Every line below needs to be printed again exactly, without any of its pictures.

> Collected material
• • • • • • •
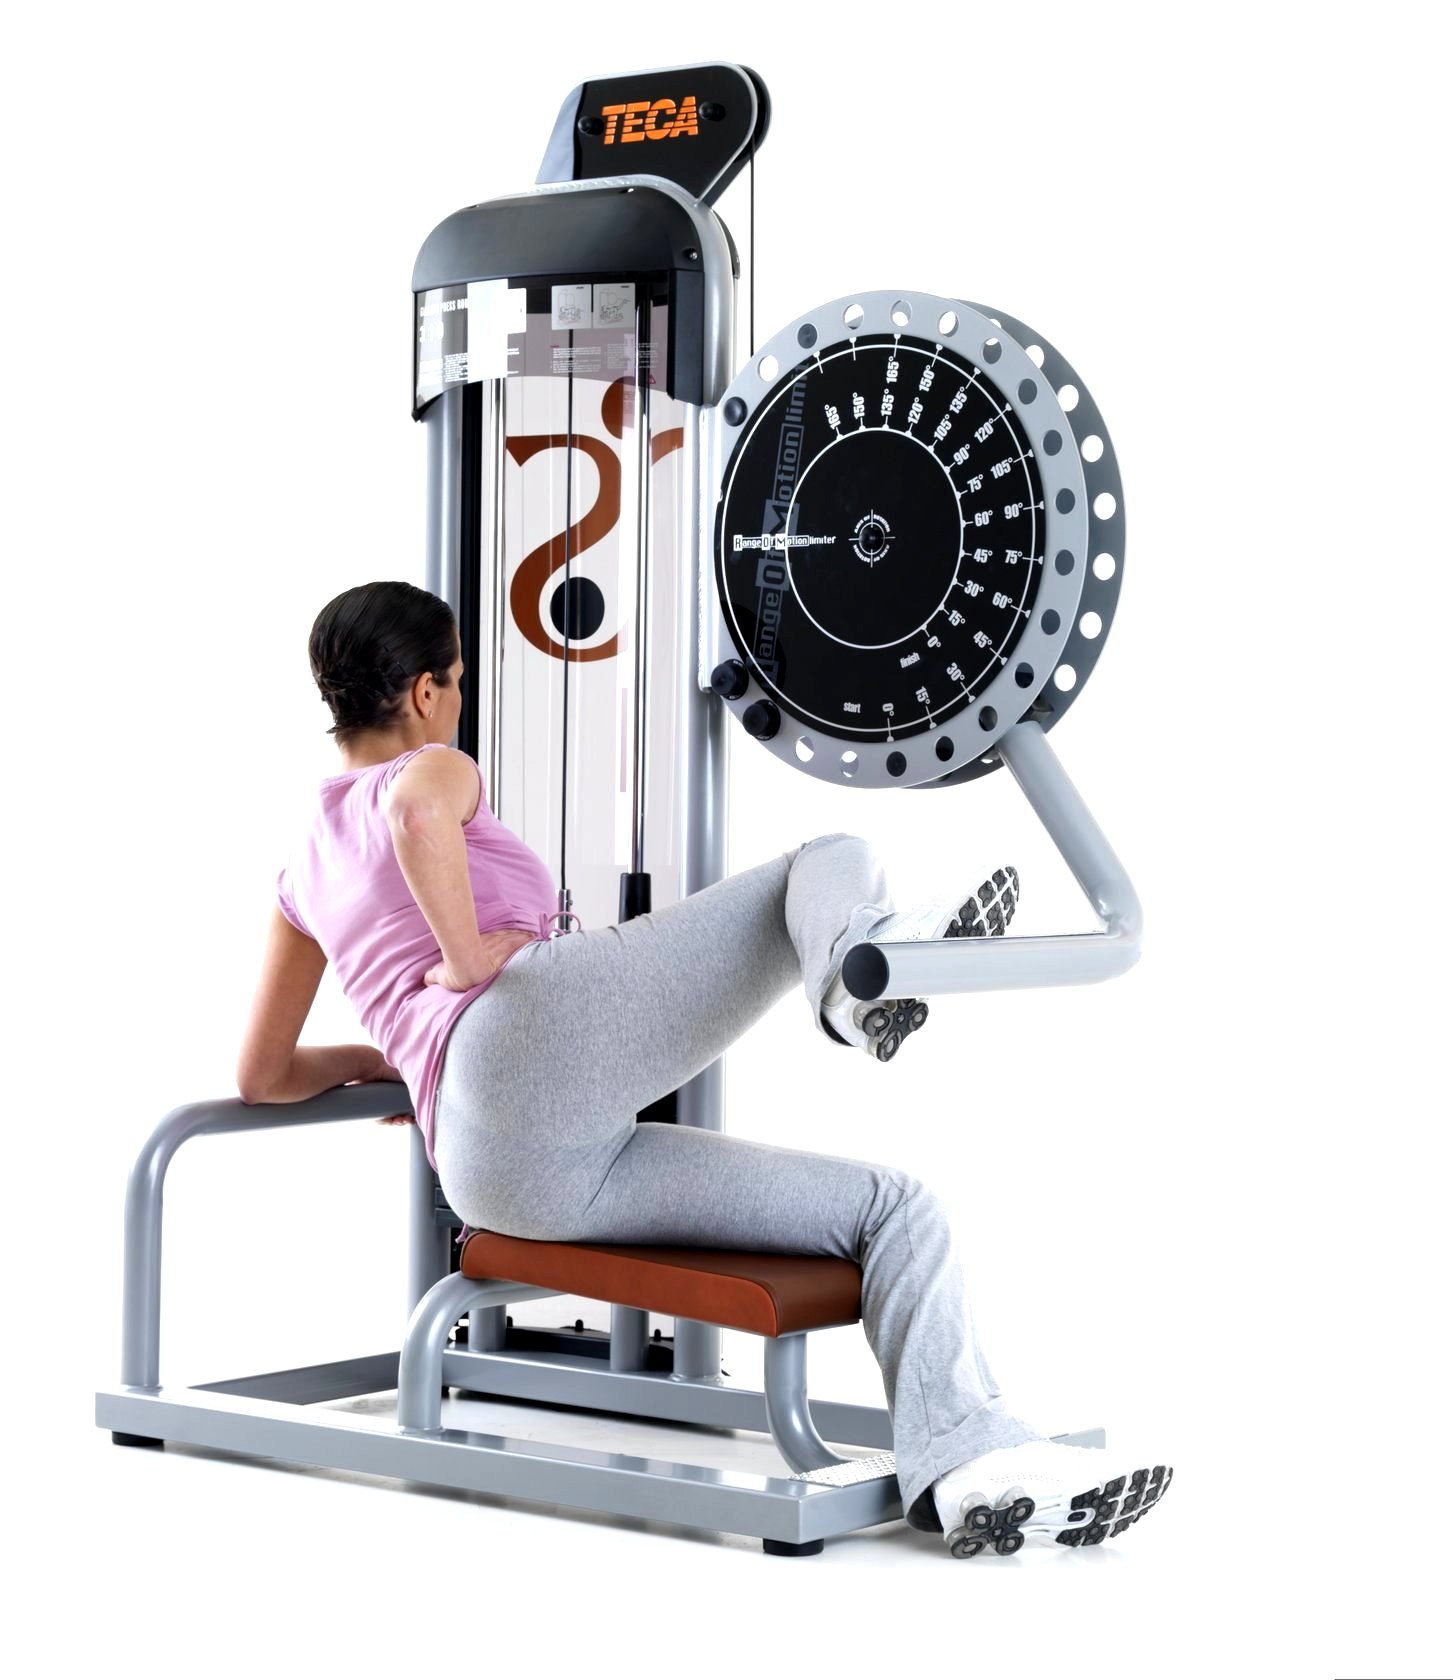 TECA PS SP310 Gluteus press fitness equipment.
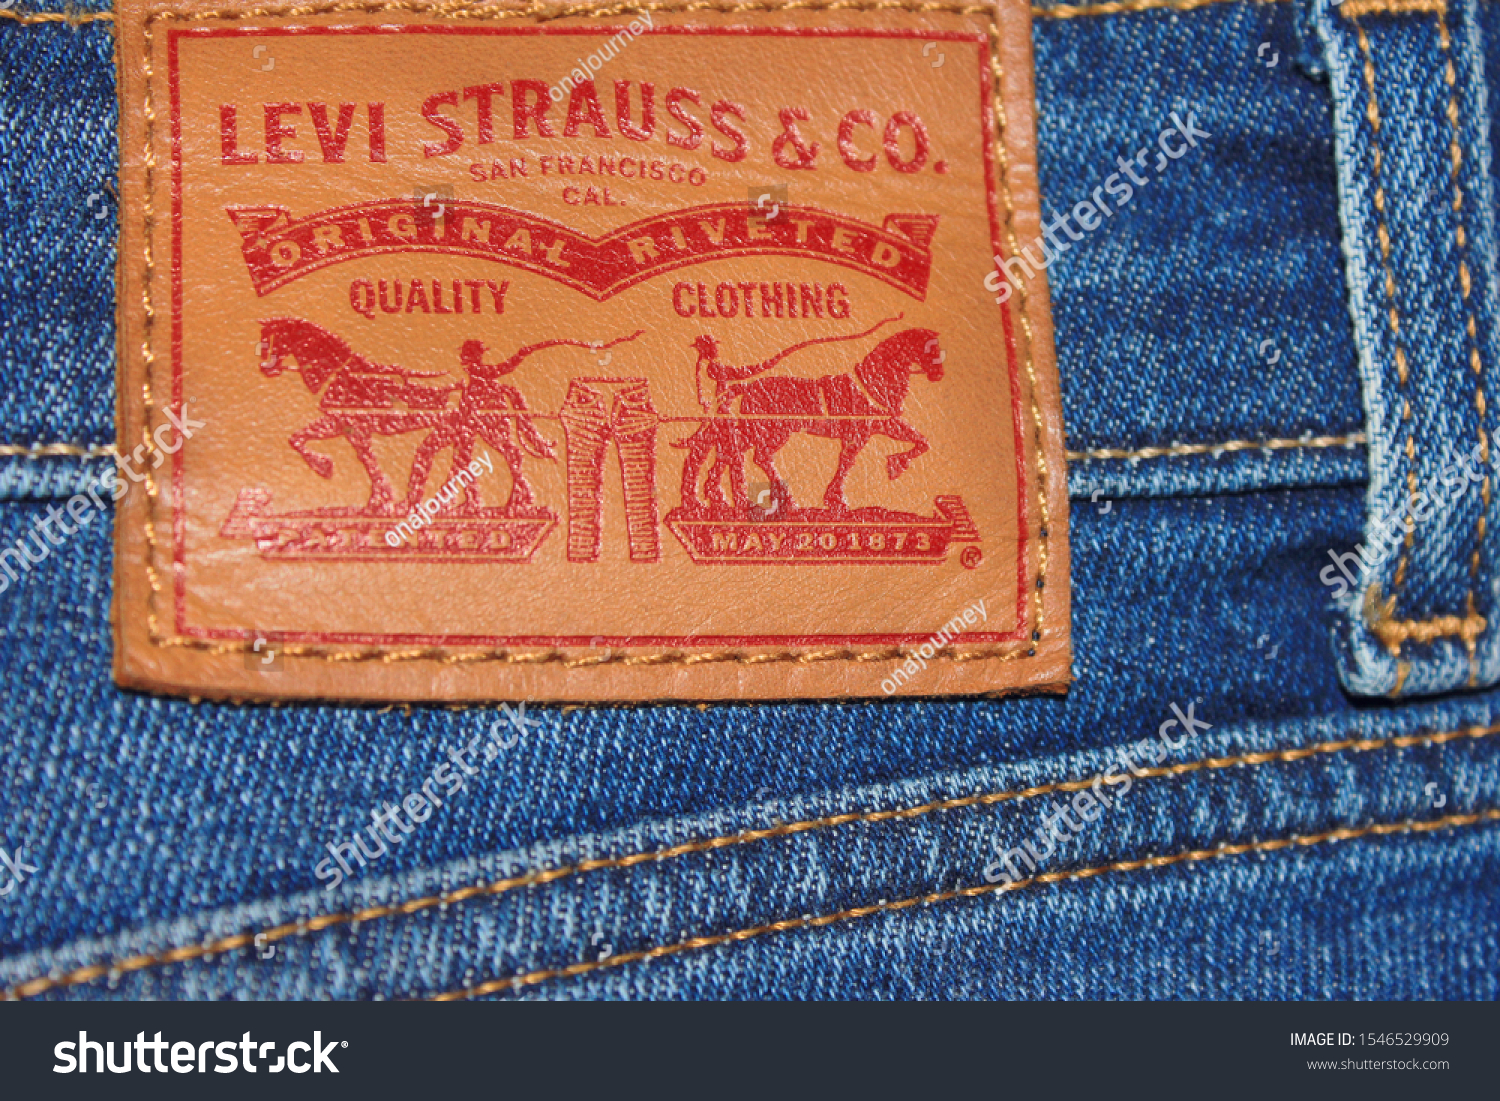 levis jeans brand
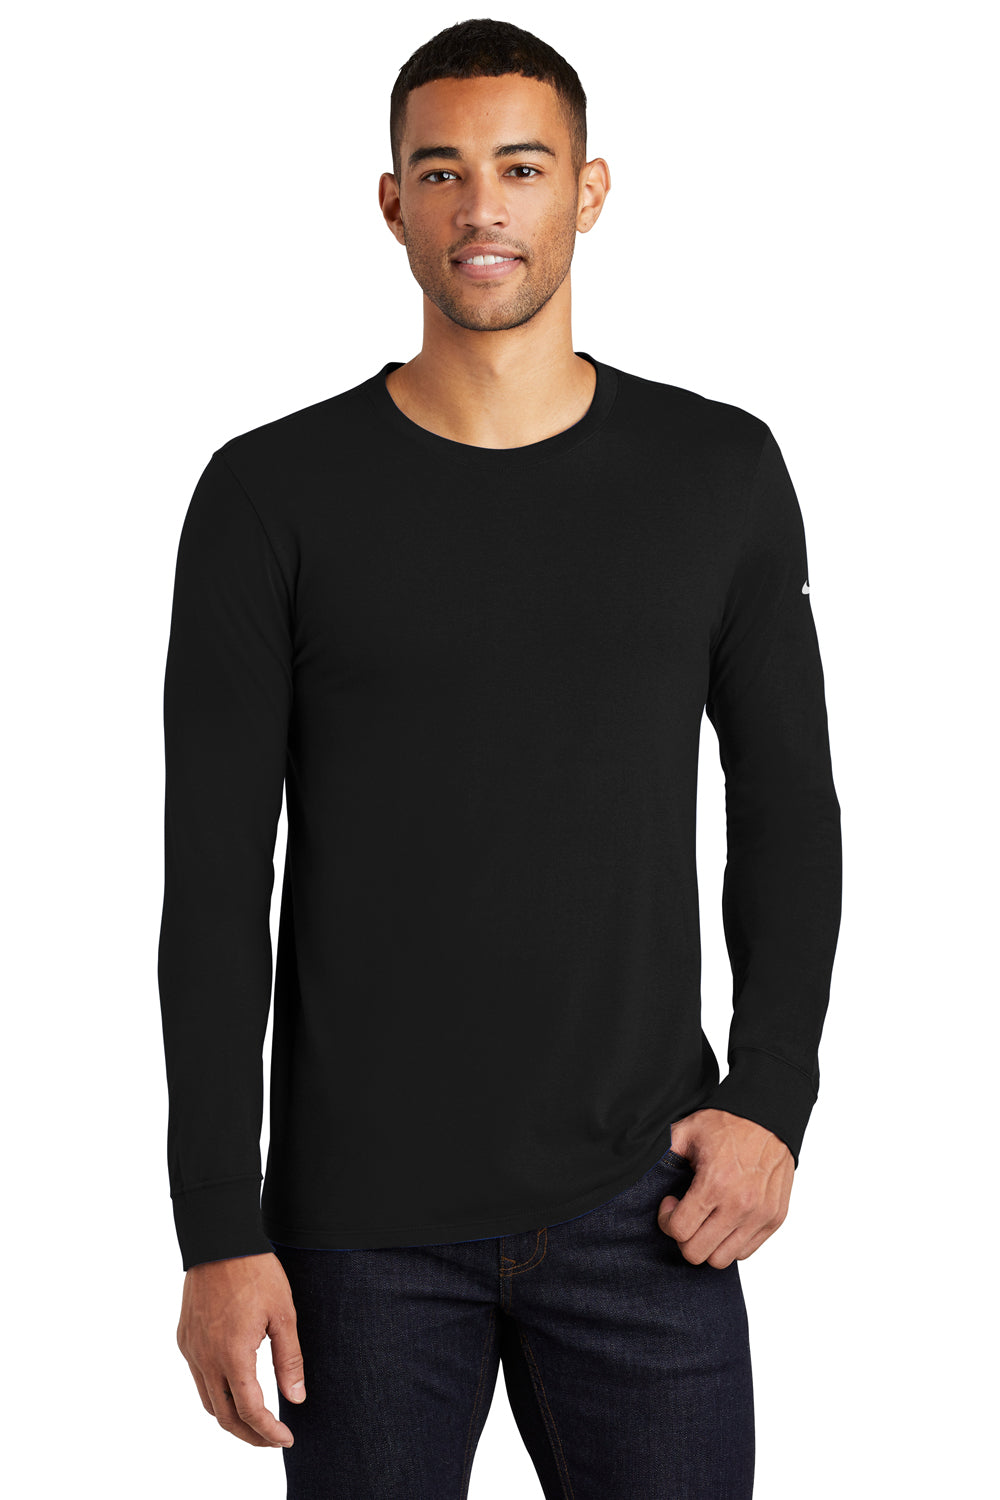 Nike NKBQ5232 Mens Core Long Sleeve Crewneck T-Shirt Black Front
• • • • • • •
> Solution for this exercise
 TECA PS SP310 Gluteus press fitness equipment.
 levis jeans brand
 Nike NKBQ5232 Mens Core Long Sleeve Crewneck T-Shirt Black Front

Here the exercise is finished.